How To Stop Living In Grief
We all have gone through a moment where we lose all our hopes because nothing is going our way and our lives are falling apart. You start feeling jealous of people who are living their lives to the fullest; you are not feeling bad for them but instead feeling sorry for yourself.
You deep down know maybe I could’ve worked harder to achieve it, or you may think maybe I should’ve never made that mistake, and at some point people might also think that life has no point because nothing happens in their favor. You have fear that you have disappointed people who believed in you or worked hard for you. This feeling is so bad that it may lead you to do something very wrong, and now you feel guilty about yourself.
• CHANGE YOUR MINDSET
I can describe the feeling of regret very well because I have been through it and I know how horrible it is, and I continued overthinking it until I saw the beauty in it. You must understand that is how things work, and that is the beauty of life; we never know what will happen in the next moment.

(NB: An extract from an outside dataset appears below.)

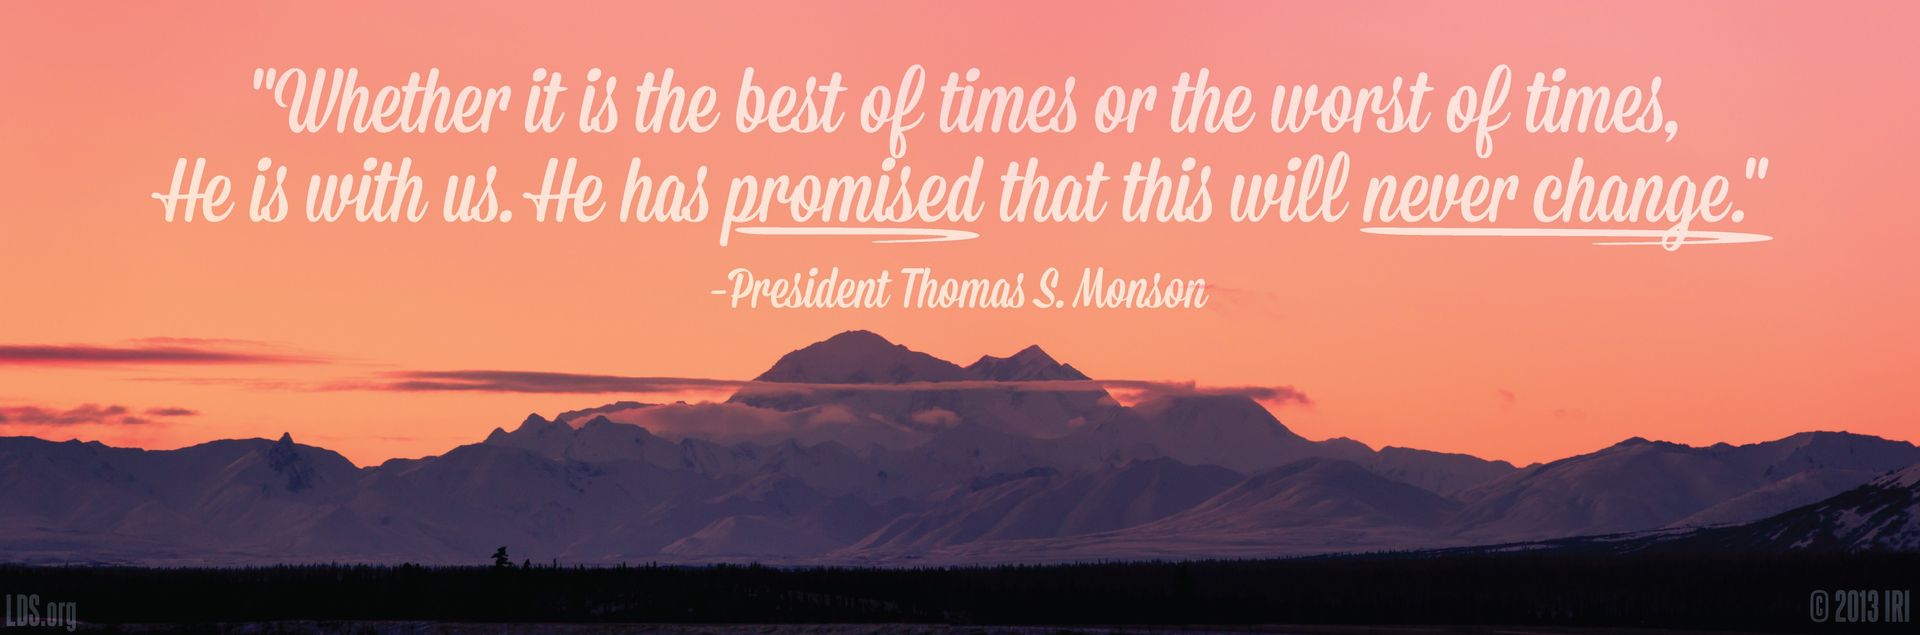 “Whether it is the best of times or the worst of times, He is with us. He has promised that this will never change.”—President Thomas S. Monson, “I Will Not Fail Thee, nor Forsake Thee” © undefined ipCode 1.

We all have watched movies, and we all know how boring it would be if everything in the movie was happy or there was no twist. Our life is like a movie; we don’t know what is going to happen next, and everything is a suspense, but one thing we very well know is that whatever will happen depends on how hard we work today, and maybe even after working hard, things don’t go our way, but isn’t that beautiful? We don't know how things are going to work out, but still, we are giving our best to make things work.
Life is like a game; we win and lose, but we keep trying because we believe that one day we will complete this level and move on to the next, and that is what life is all about. You can’t expect to constantly win because you might not be ready for it, or God may be preparing you for something bigger, and nothing teaches you more than failure.
You know, when I read my old journal, I could see the pain I had gone through at that moment and how terrible I felt at that moment, but when I think of that now, I feel so easy. I realized that it was just a part of my life, not my whole existence. The only thing I wished was to tell my past self to believe in yourself; you are way stronger than you think, and you will come out of this situation.
You know what makes me do my best is the fear that whatever I have gone through would be for nothing, and all the pain I suffered was not worth it. Who wants a story without struggle? One day I want to be successful and tell my story of all the pain and struggle I have gone through and make people realize that there is so much more behind that happy face.